Dear hubby,
A small gift from me. I know.. Forget it
I'm sharing this memory with you
And I want to share something like this with you too
What it is you will know once you finish readin...no as always experiencing my this memories.
I stood on the balcony, staring blankly at the crashing waves. The coffee in my hand had grown cold. I ran my fingers on my face, pushing back my wind whipped hair and brushing away my tears at the same time. My cheeks were dry. The salty breeze had dried up the salty tears. I placed the coffee cup on the floor and turned away slightly to avoid the strong winds. And that was when I saw him.

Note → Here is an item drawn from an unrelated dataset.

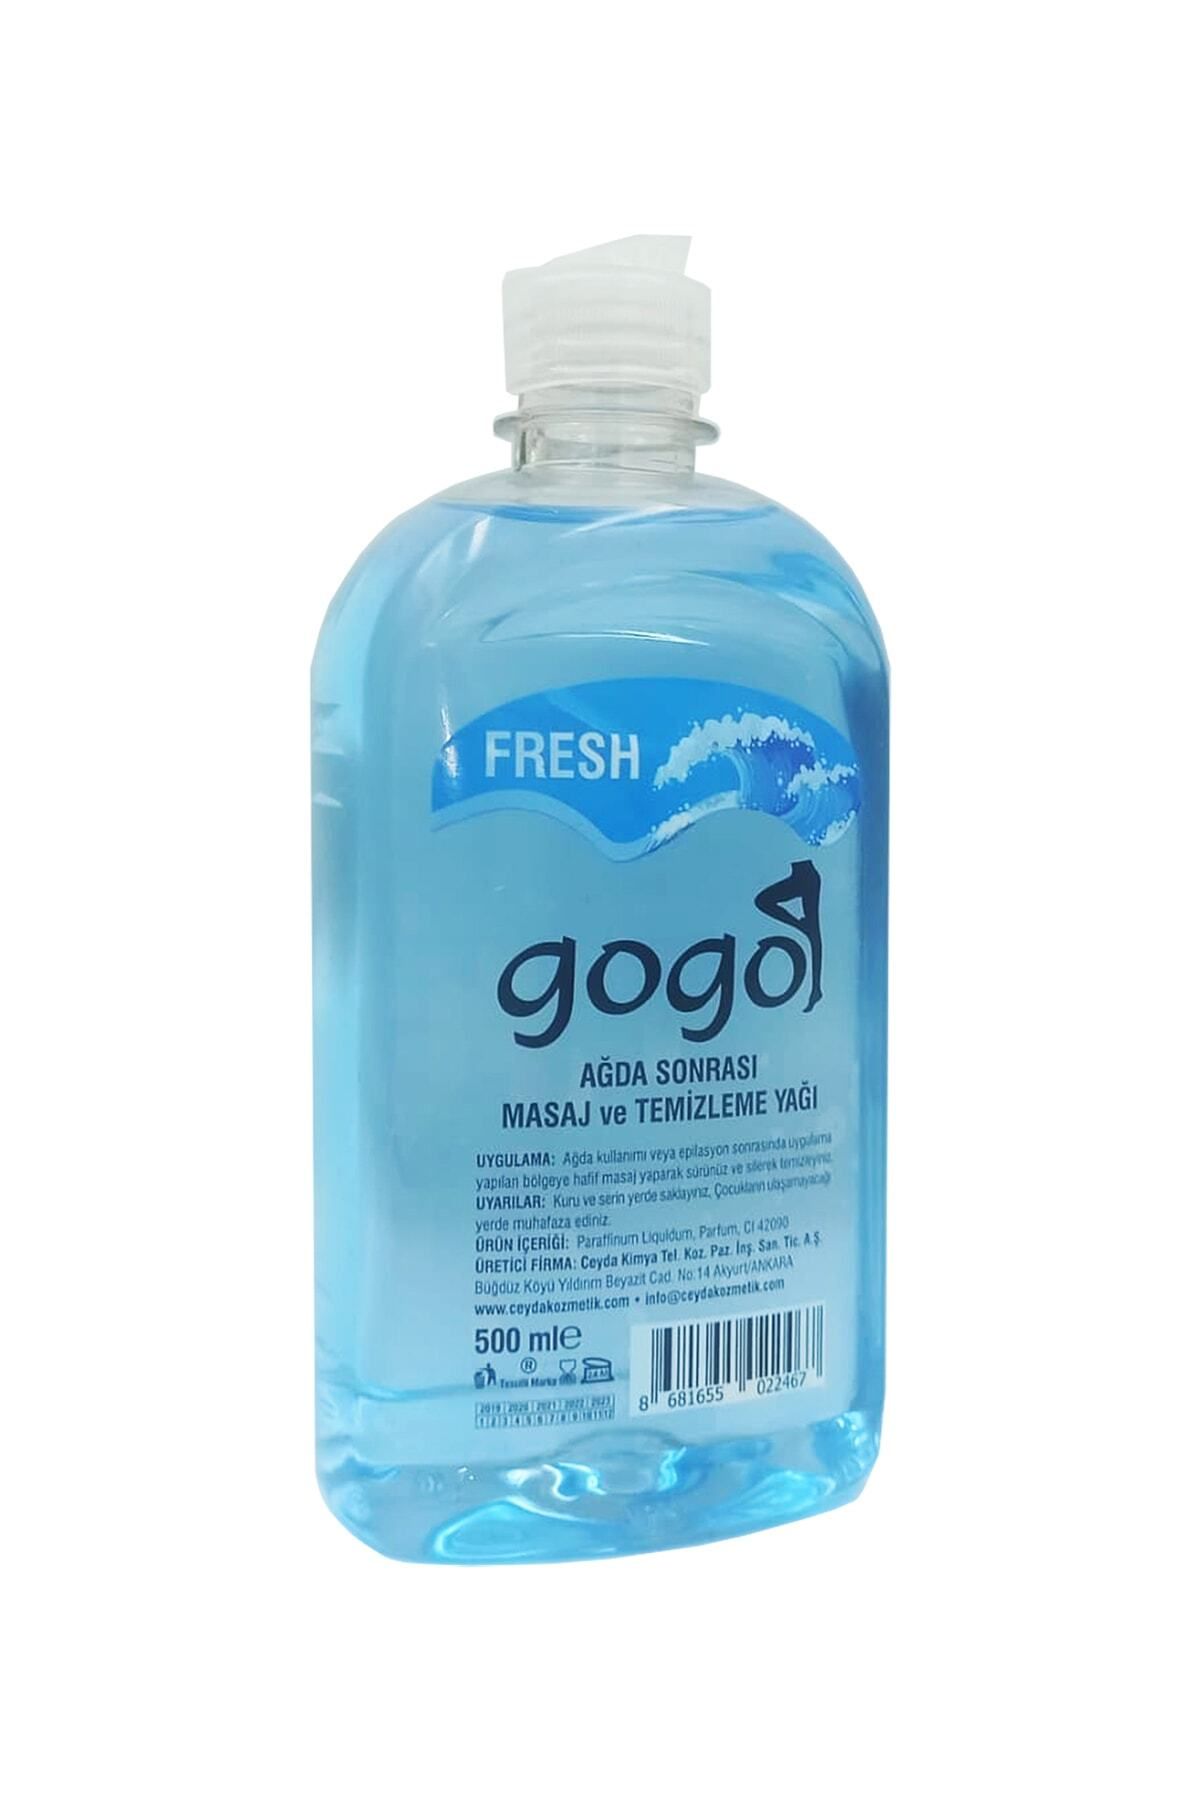 Gogo Ağda Sonrası Masaj Ve Temizleme Yağı Fresh 500ml

He was silhouetted against the pink sky, tall, alone, dark and frozen. He stood there on that rock, looking straight, staring into the ocean just like I had been staring a few minutes ago. The sky grew orange, then deep rust. The ball of fire slowly sank into the black waters. He stood there a little longer till darkness set in and slowly, head bowed low, stepped off the rock and walked away from the dark sands. My gaze followed him until he vanished behind a clump of bushes. I shut the balcony door and went back into the empty room.i know you would do this only even though staying away from me,you are will always with me.
I was healing. Or atleast, I was supposed to be healing. It was peaceful now, being away from the sympathy and shared tears. My grief was mine and mine alone. I missed my baby, my Sneha every minute of the day, but atleast I didn’t have people telling me, telling me, what I have lost because of the so called love and what a shock it was to have lost her like that. Like I didn’t know. Like I didn’t feel. These few weeks in this small seaside town was exactly what I needed. An escape from everyone who knew me. Who knew us. They were well wishers who wanted to share my sorrow, but their good intentions were slowly driving me towards insanity. I needed to get away.
I went down for dinner. The couple who owned this homestay were in the living room. They looked up from their moment of togetherness and smiled at me. The lady got up and called out to the maid to serve me my dinner.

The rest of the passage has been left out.